緊張した面もちのロイに対して、ヒューズは極力軽い口調で言う。
「まあ、気にする事もないんじゃねえの?」
「ああ、そうだな。例え三人居ようが俺達に何かできるとは思えんしな」
「いや、そういう意味じゃなくてよ……」
「? どういう意味なんだ」
ヒューズは自分達の後をつけてくる人物達が何者なのか、とっくに気づいている。そして、その目的も大方予想は付いている。そして、それは当然ロイも同様だと思っていたのだが。
「しかし……こう、頻繁だと一体何がしたいのか、何が目的なのか気になるな……」
――気づいていなかった。
本気で言っているのかと疑いながらもヒューズはロイの発言にどうしても気になる部分があったので、突っ込んで聞いてみた。
「頻繁?」
「ああ。俺が外出する度に、だ。ああやって二、三人でついて来るんだ。……何がしたいんだろうな、彼女達は?」
ヒューズ達をつけている者達――それは士官学校からほど近い場所に在る女学院の生徒達である。実は士官学校よりも歴史が古く、この辺りでは一番の名門であり、通う生徒は裕福な家庭のお嬢様が多い。名門の証であるその清楚な制服と、そして美人が多いということで飢えた年頃の野郎が集う士官学校生に絶大な人気があるのだ。おそらく彼らの大半は彼女達とお友達になりたいと思っているだろう。
「敵意も害意も殺気も感じられないから放っておいてるんだけどな」
不可解だと真剣な顔で言うロイに、そりゃそうだろうよ。とヒューズは胸の内でつっこむ。というか、本気で言っているとしたら、ロイの鈍さも相当なものだ。そこまで感じ取っておきながらどうしてそれが彼女たちのロイに対する好意だと気づかないのだろうか、この超絶鈍感錬金術馬鹿は。
事実、ときおり後ろの彼女達からは、ロイ様っだの、今日も素敵っ、だの、ご学友の方も素敵ねっだの(これは正直嬉しい)きゃっきゃっ、と盛り上がっている声が漏れ聞こえてくるのである。
「まあ、彼女達の事はどうでもいい。
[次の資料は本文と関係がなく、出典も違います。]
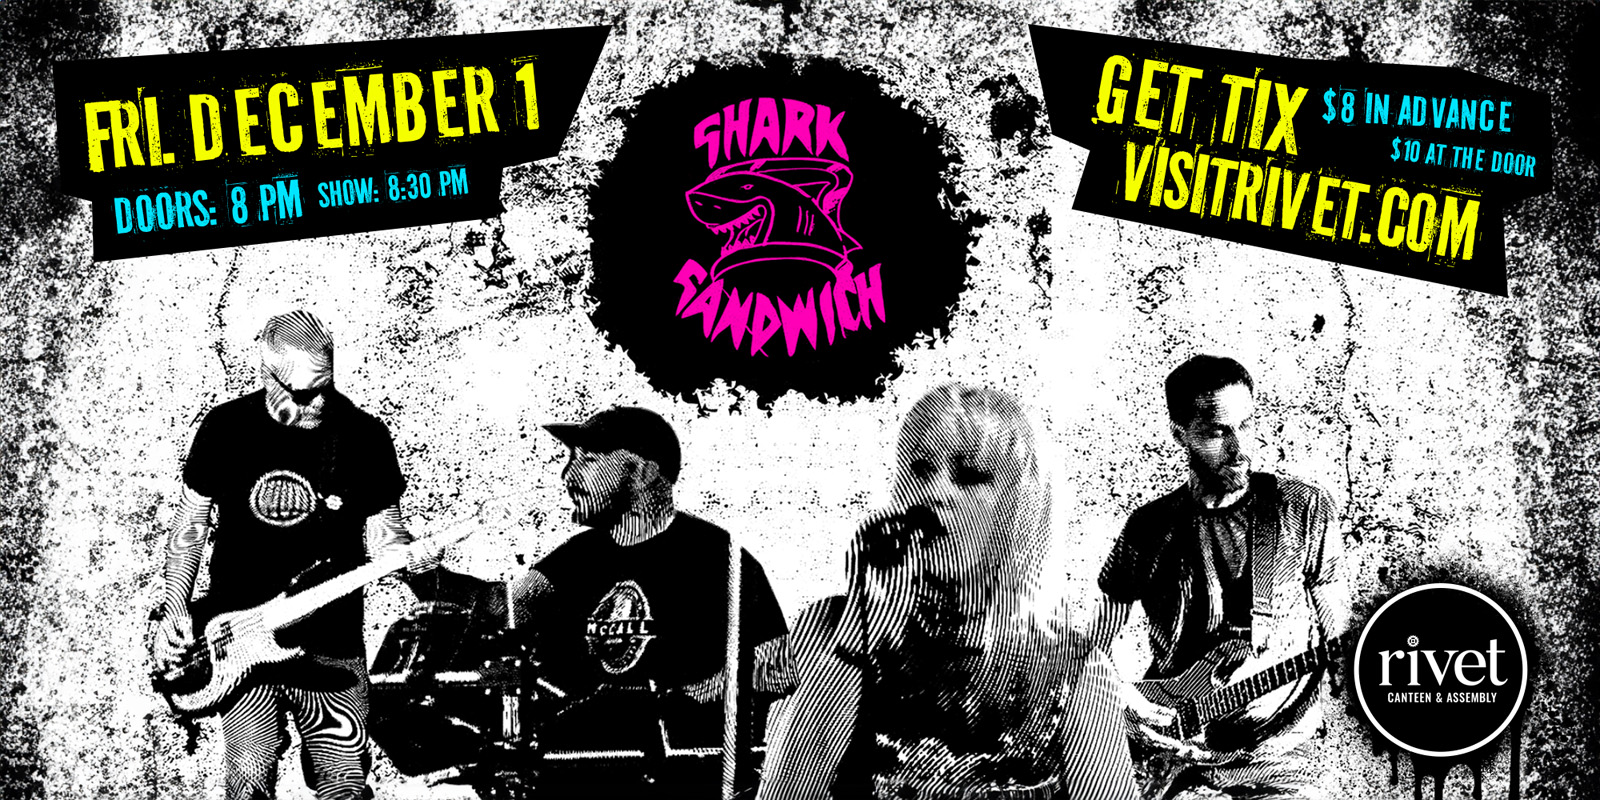 Shark Sandwich live at Rivet: Canteen & Assembly on Friday, December 1st. Be there!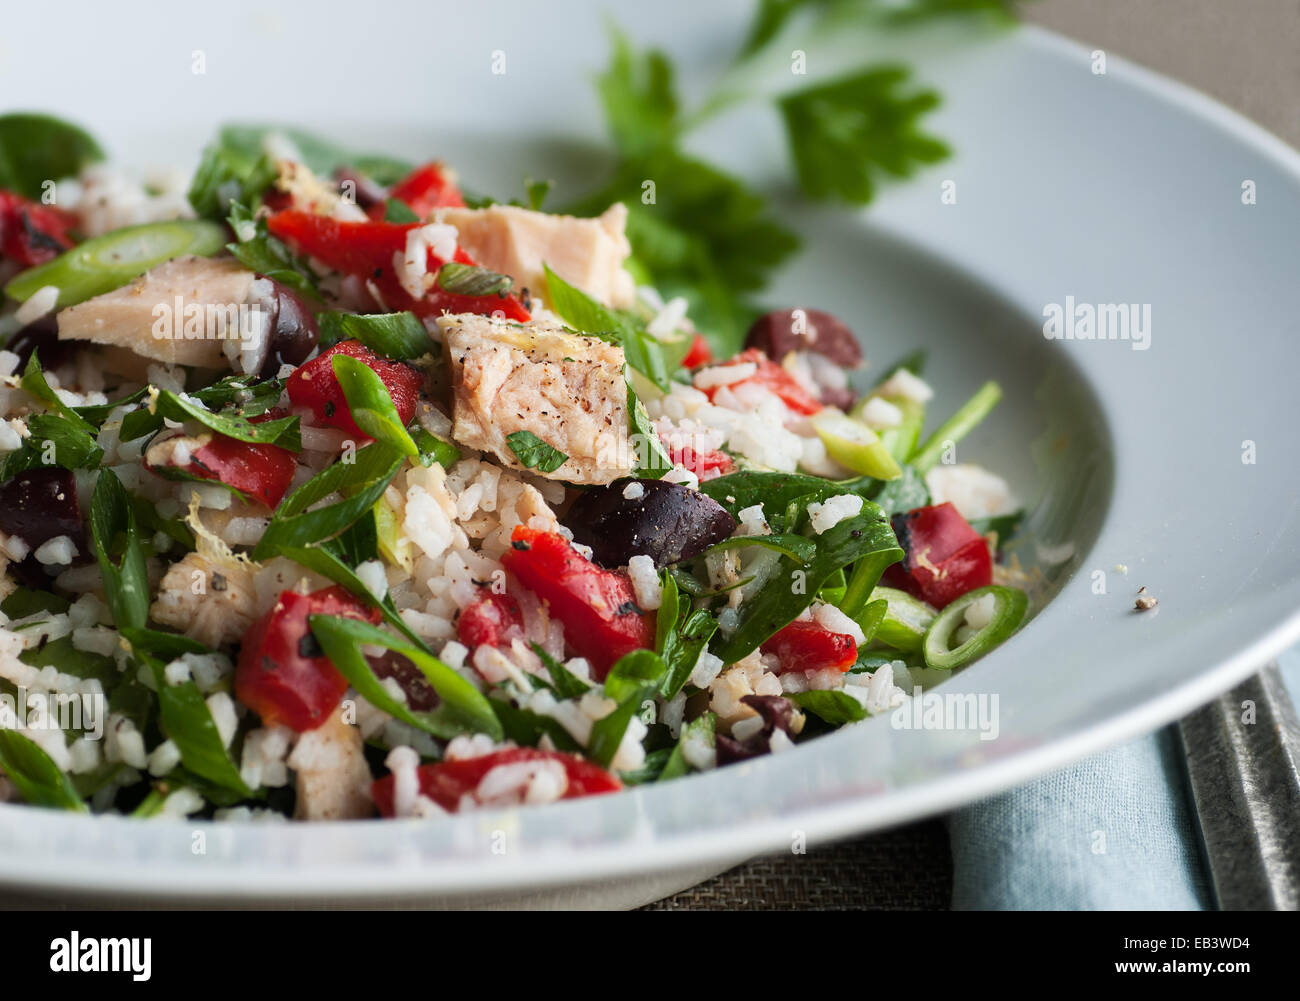 Albacore tuna salad with rice and vegetables Stock Photo

それよりも今日はもっと大事な事があるんだ。だからお前につき合って貰っているんだからな」
彼女達とお友達になりたいと願う野郎共が聞いたら、血の涙を流して首を絞められそうな事を言いながら、ロイは悩む顔をする。
「ああ、前言ってた錬金術の師匠のお嬢さんへのプレゼント…か?」
「そうだ。……何が良いと思う?」
士官学校の難解な戦術理論のテストをよりも、ロイにとってはこちらの方がよっぽどの難問のようだ。
「う~ん、俺だってその年頃の子の好みなんて詳しくねえよ」
ロイよりも女性に対して造形が深いという自信はあったが、ヒューズだって妹みたいな年頃の女の子の喜びそうなもの…と言われると弱る。年上ならばいくらでも思いつくのだが。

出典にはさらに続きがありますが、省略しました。